Diode D1 in combination with capacitor C1 forms an AC rectifier that prevents high frequency ripple components from reaching the output. Note that rising edges of the input ripple waveform attempt to pull up the output capacitor, causing the LT4363 to momentarily limit the current through M2. For this reason, the current available to the output load during the ripple condition is 2.8A, less than the 4A available during normal operation. More about the ripple condition and ways to improve this circuit behavior are described in Linear Technology Journal of Analog Innovation, Volume 24, Number 1,“High Voltage Surge Stoppers Ease MILSTD- 1275D Compliance by Replacing Bulky Passive Components.”

Starting Mode

Voltage variations caused by the starter motor and cranking are described by MIL-STD-1275D starting mode—the supply voltage can drop as low as 6V before recovering to at least 16V within one second and the steady-state DC voltage within 30 seconds. The solution presented here typically functions at the 6V minimum. But it is only guaranteed to work to 8V due to component tolerances, the most significant being the loosely specified threshold voltages provided by MOSFET manufacturers.

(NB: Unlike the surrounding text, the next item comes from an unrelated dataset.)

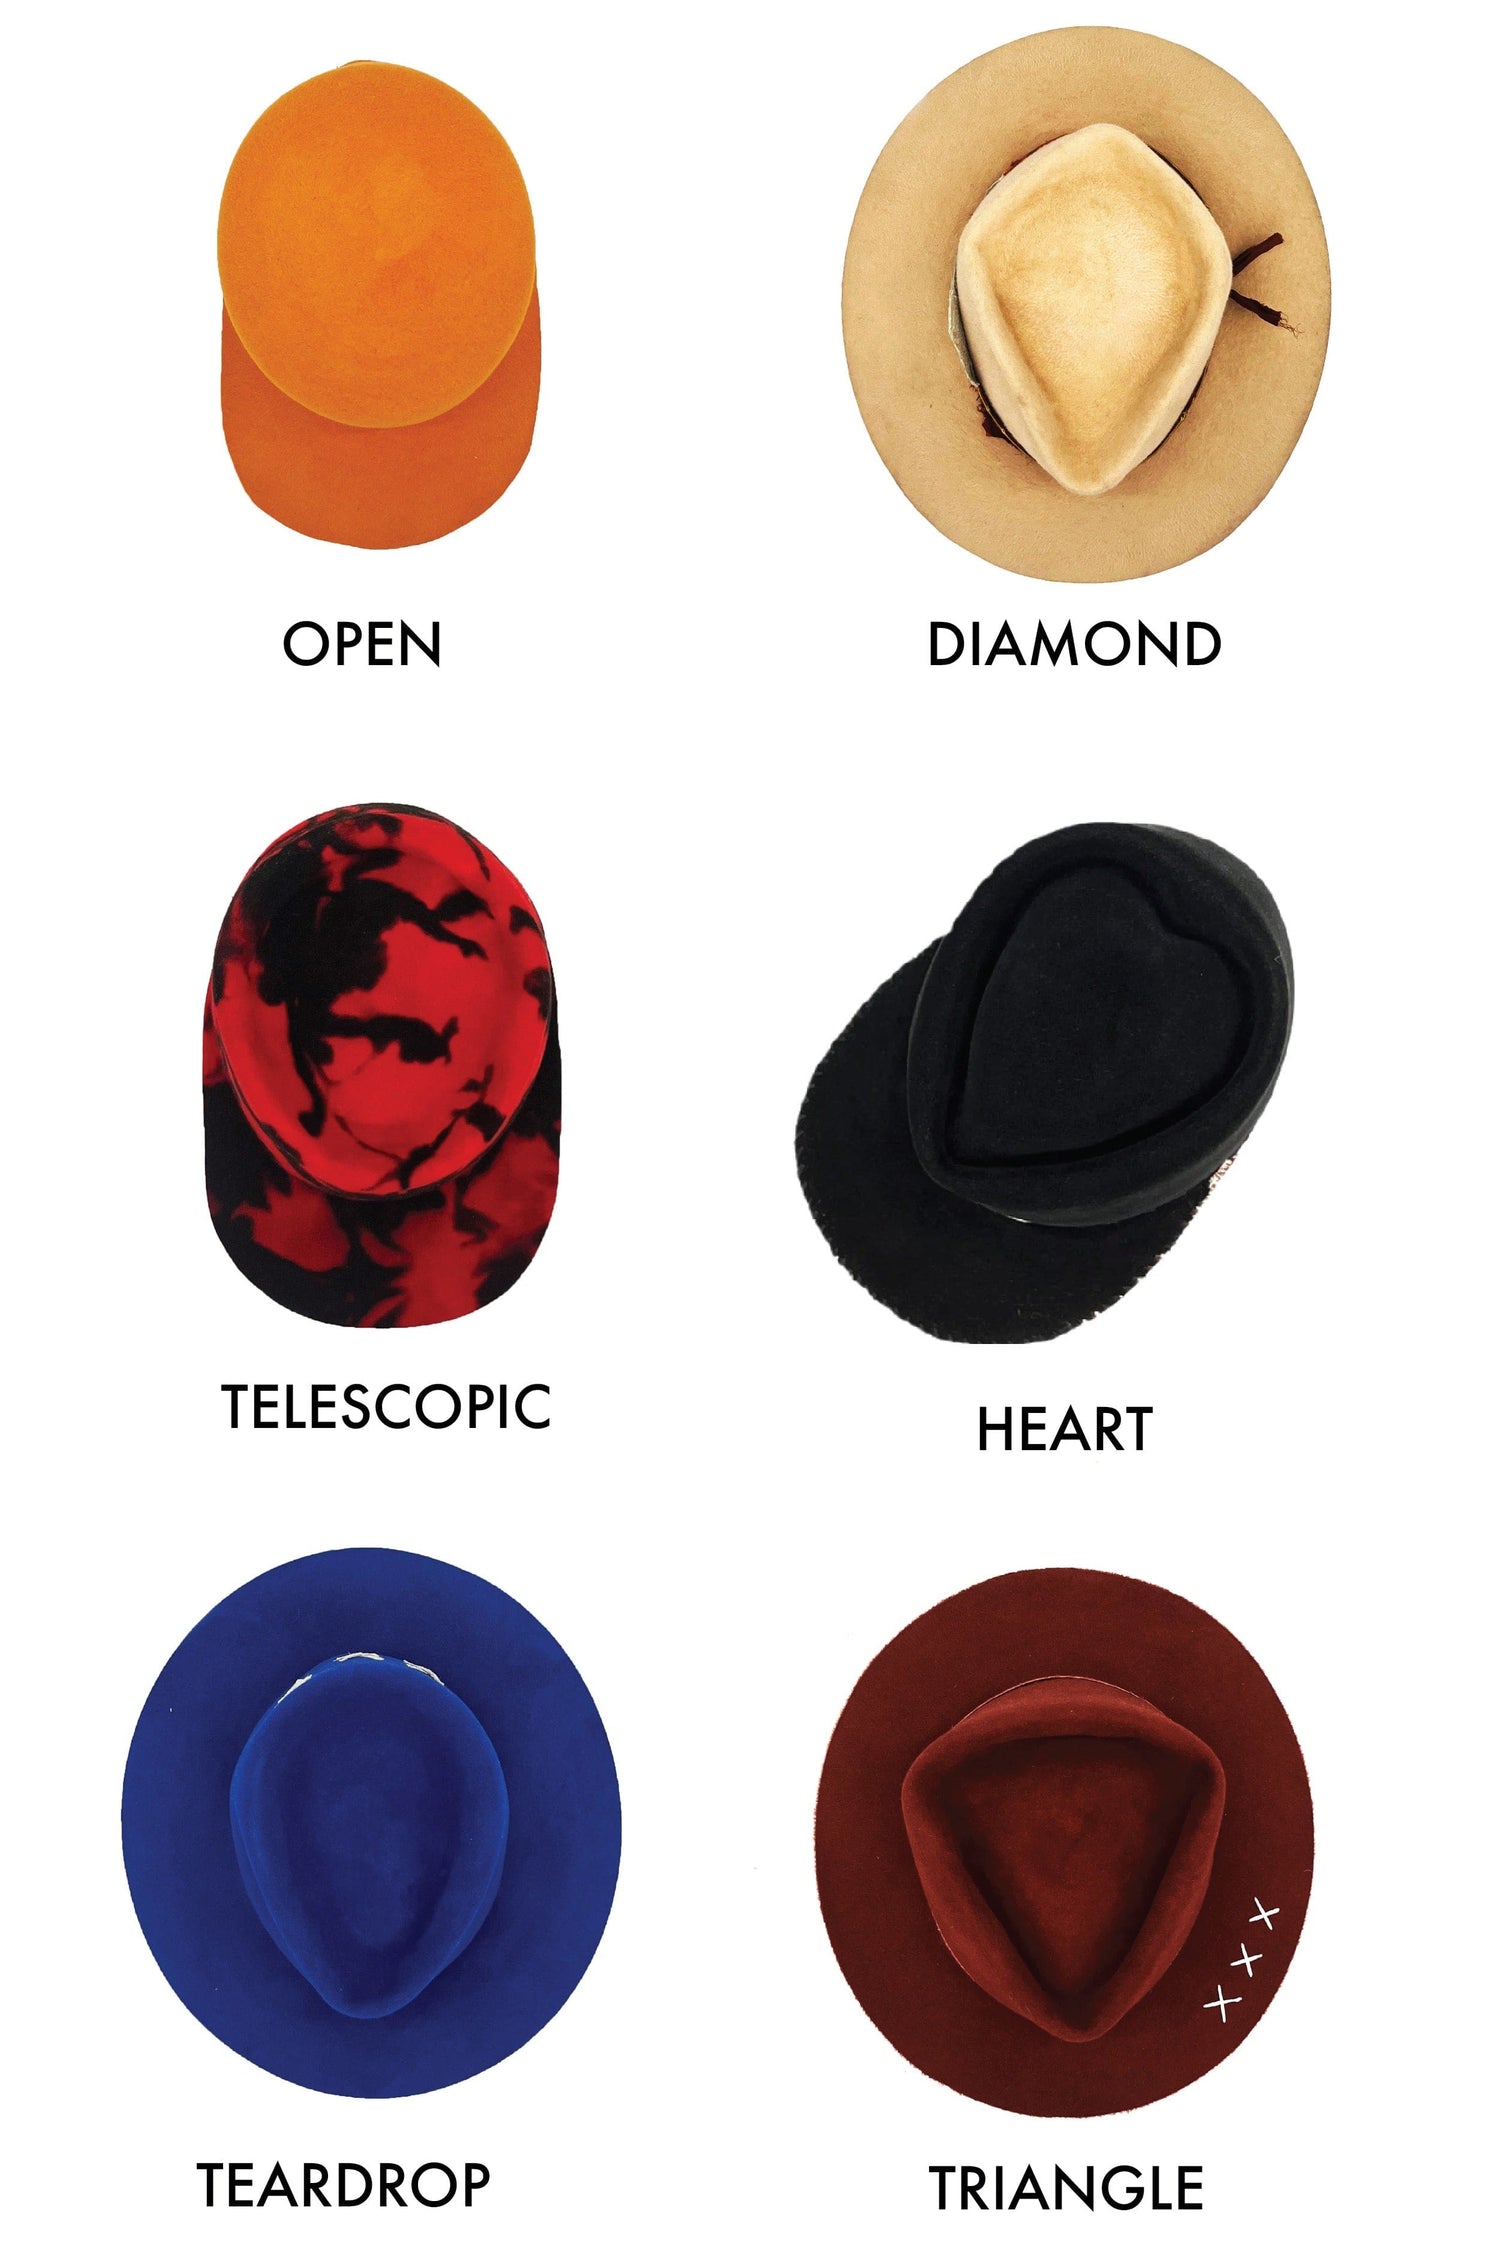 Designer Beanies, Men's Hats

Electromagnetic Compatibility Requirements

MIL-STD-1275D refers to another standard, MILSTD- 461, regarding electromagnetic compatibility. Typically, an EMI filter is placed at the input of MILSTD- 1275D compliant systems—while surge stoppers do not eliminate the need for filtering, their linear mode operation introduces no additional noise.

Conclusion

Linear Technology’s surge stopper products simplify MIL-STD-1275D compliance by using MOSFETs to block high voltage input surges and spikes while providing uninterrupted power to downstream circuitry. Blocking the voltage with series components avoids the blown fuses and damage that can occur when circuits attempt to shunt high energy to ground with bulky passive components.